Campus surveillance scenarios include multi-scale targets from macro scenes to micro details, requiring the backbone network to have cross-level feature extraction capability. The design of layers 1–16 of MobileNetV3 retains shallow high-resolution features and mid-level semantic features, providing differentiated input foundations for the subsequent multi-scale feature extraction module. Specifically, shallow features can accurately capture details such as students’ gestures and object placements, while mid-level features are used to distinguish different target categories such as teachers, students, and outsiders. Combined with CBAM’s attention mechanism, the backbone network can adaptively allocate computing resources: when processing laboratory scenes with many small targets, computational power is focused on enhancing channel attention to highlight device details; when analyzing open scenes such as playgrounds, spatial attention is used to focus on the global structure of crowd distribution.
2.3 Multi-scale feature extraction module
In campus surveillance scenarios, continuous downsampling during the encoding stage easily leads to the loss of detail information of small targets and target edges, while the atrous spatial pyramid pooling (ASPP) module using dilated convolution in traditional methods, although it can expand the receptive field, further aggravates the blurring of local details due to the gridding effect. The multi-scale feature extraction module designed in this study replaces the traditional dilated convolution with dilated depthwise separable convolution, which retains multi-scale contextual information while restoring detail loss: the depthwise convolution layer performs per-channel feature extraction on multi-scale targets in campus surveillance images with different dilation rates, avoiding the grid sampling defect of standard dilated convolution, enabling the model to capture fine-grained information such as student hand gestures and instrument panel scales; the pointwise convolution layer integrates channel features through 1×1 convolution, fusing the global semantics of crowd distribution on the playground with the local details of individual actions under the premise of maintaining feature resolution, providing more complete feature input for subsequent segmentation.

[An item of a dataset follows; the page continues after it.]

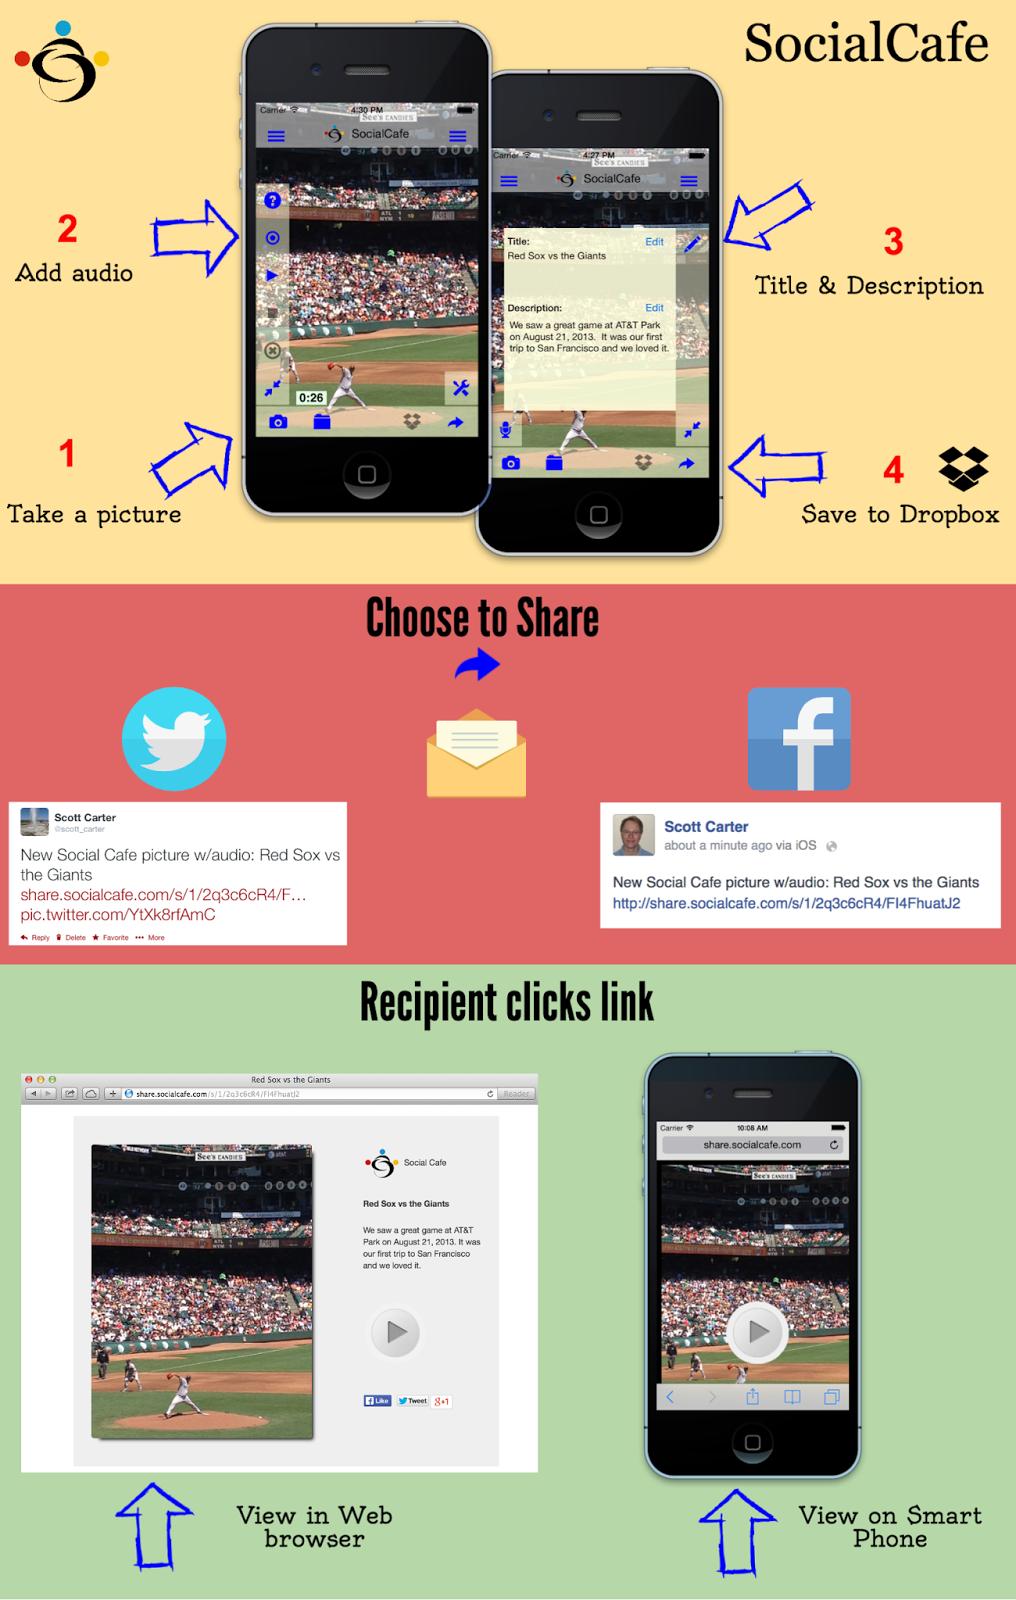 SocialCafe app steps

The module consists of dilated depthwise separable convolution and an efficient channel attention (ECA) module, forming a cascade processing mechanism of "feature extraction–channel optimization". Figure 3 shows the framework of the multi-scale feature extraction module. Aiming at the common scenario of coexistence of multi-scale targets in campus surveillance, the dilated depthwise separable convolution captures the contour features of distant targets and texture details of nearby targets through depthwise convolution branches with different dilation rates, generating multi-scale feature maps. Then, the ECA module addresses the problem of channel redundancy under complex campus backgrounds. It compresses the spatial dimension through global average pooling, uses one-dimensional convolution to generate channel weights, dynamically enhances the feature responses related to campus security and teaching management, and suppresses the activation values of irrelevant background channels. In specific laboratory scenes, this mechanism can significantly increase the weights of the "experimental equipment" and "personnel operation" channels, reduce the interference of similar category channels such as "lab benches" and "reagent bottles", and greatly improve the segmentation accuracy of micro devices.
Figure 3. Multi-scale feature extraction module framework
The dilated depthwise separable convolution achieves multi-scale feature aggregation through a two-step operation of "depthwise convolution + pointwise convolution", while reducing computational complexity. The specific structure is shown in Figure 4. In the depthwise convolution stage, per-channel convolution with dilation rate is used to expand the effective receptive field without adding extra parameters, adapting to the large size difference between near and far targets in campus surveillance; in the pointwise convolution stage, 1×1 cross-channel convolution is used to integrate features, avoiding the context disconnection problem caused by independent channel processing in traditional dilated convolution. For example, in corridor surveillance, it can associate the overall motion direction of the crowd with individual limb actions, accurately segment the boundaries of overlapping persons. Compared with standard depthwise separable convolution, this structure reduces the number of parameters by about 3.6% when obtaining the same receptive field, making it especially suitable for low computing power environments of campus edge devices. While ensuring real-time processing, it improves the feature integrity in complex scenes.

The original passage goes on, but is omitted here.